Sadly the beard comes with a price and this is how I learnt the first hard lesson of the year:

Children can be cruel when it comes to your age

Now I wouldn’t exactly say that I am particularly sensitive about my age or looks, (who are we kidding, I’m one of the most vain people I know) but it only takes a few weeks of all your pupils trying to guess your age and almost all of them coming up with numbers that are 32 or higher (The most popular being 37 years of age) before it starts to grate a bit (this fact has not been helped by the Microsoft How Old app going around – it did the same thing to me. Why do you hurt me Microsoft? I’ve been loyal to you for many years…).

Yes to sum it up children can be cruel, but that’s not the only way that I learned this lesson. And as a result of my next tale, the title will become much clearer…

Year 11 Students are the same as weeping angels from Doctor Who

Accurate depiction of most Year 11s

Accurate depiction of most Year 11s

For the past year I have been teaching a pretty challenging year 11 class. They can be the loveliest bunch in the world or they can drive you up the wall. It depends entirely on a range of factors such as what they had for breakfast, the current state of the weather and whether or not mercury is in retrograde (maybe not that last one, but honestly sometimes there’s no reason for what they do). Suffice to say, it’s at the hands of this class that learnt my hardest lesson so far as a teacher.

That’s right, don’t blink. Blink and you’re dead. I you take your eyes off your pupils for even a second mayhem will ensue. I guarantee it.

Sadly,this does not work with Year 11. I wish it did.

Sadly,this does not work with Year 11. I wish it did.

It just so happened that I made this fatal flaw back before Christmas when I turned my back for no longer than 30 second to put a laptop away when I heard an almighty cacophony akin to the Gods of Olympus having a wrestling match in a pit of cowbells erupt behind me.

I turned around to find one of my pupils masking taped to a chair.

Now when I say masking taped to a chair I don’t mean a little bit of tape around the middle. Oh no, I mean full on cocooned into the chair with masking tape. There was no way he was getting out of this and apparently nobody had seen anything happen (another lesson to learn is that kids will always stick together as if that will somehow let them escape punishment).

I didn’t know whether to laugh or cry at that point.

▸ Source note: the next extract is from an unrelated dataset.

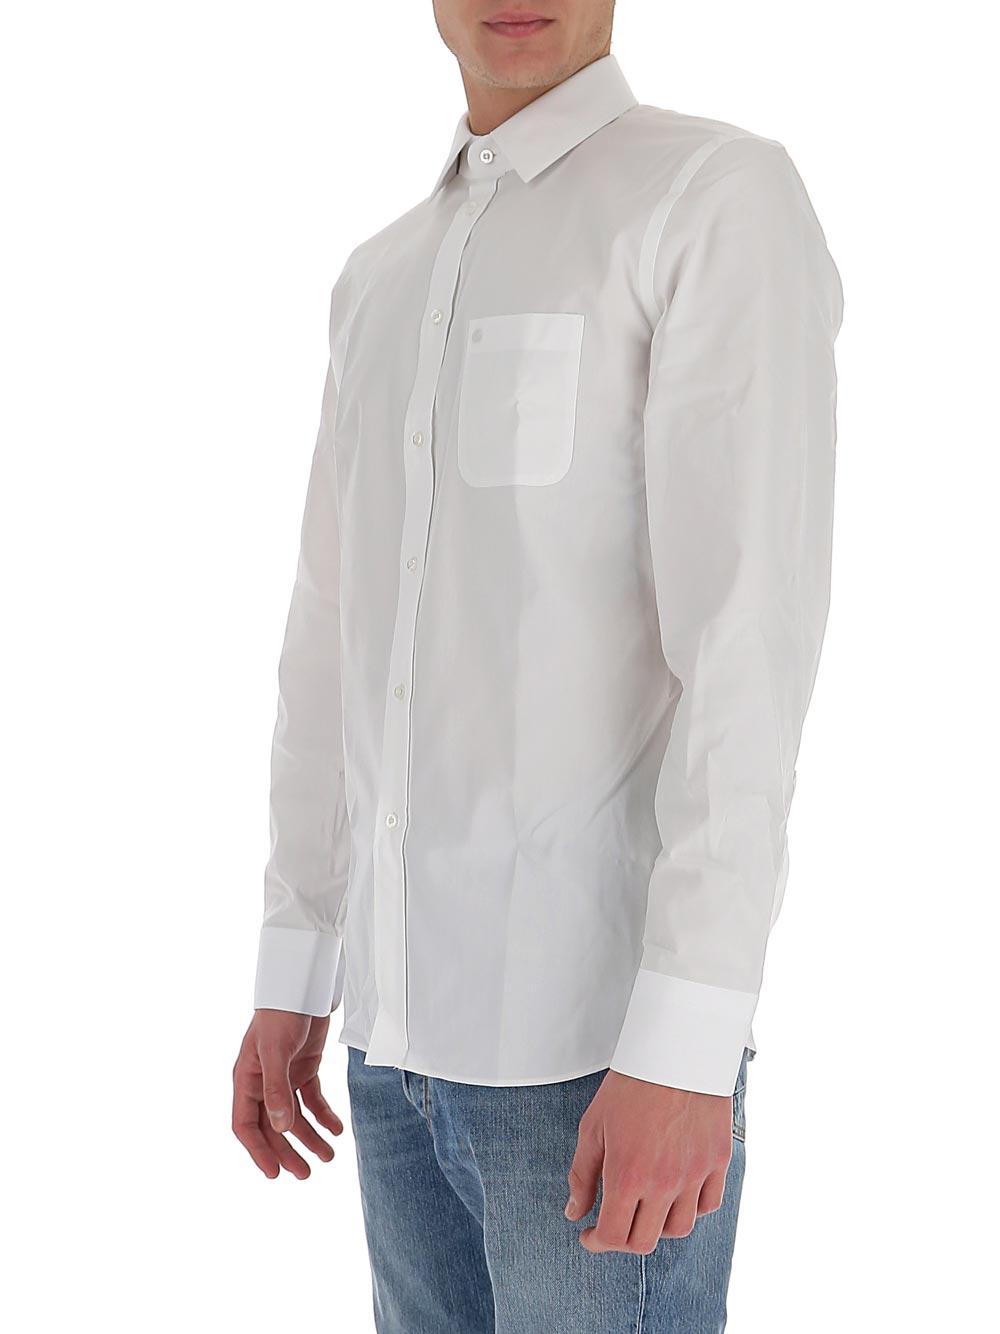 Gucci Cotton Button-up Shirt in White for Men - Lyst

I settled for my usual and became instantly incensed with anger before laughing into a tirade of clichéd teacher speeches that I swore I would never do and after about 5 minutes of sounding like the world’s most ineffectual supply teacher the children were dismissed and Chair Boy was set free from his tapey prison.

The funny thing is that my classroom doesn’t have masking tape. The little scoundrels had been planning this for a while.

As a result of that day I have now learnt to channel Alastor “Mad Eye” Moody from the Harry Potter novels and have adopted his own philosophy to suit my classroom.

Mad Eye

My advice to you if you ever set foot in a classroom? CONSTANT VIGILANCE!

Always keep your eyes on them. Don’t let them out of your sight.

They [teenagers] are fast, faster than you can believe. Don’t turn your back and DON’T BLINK!

Oh and always hide the masking tape.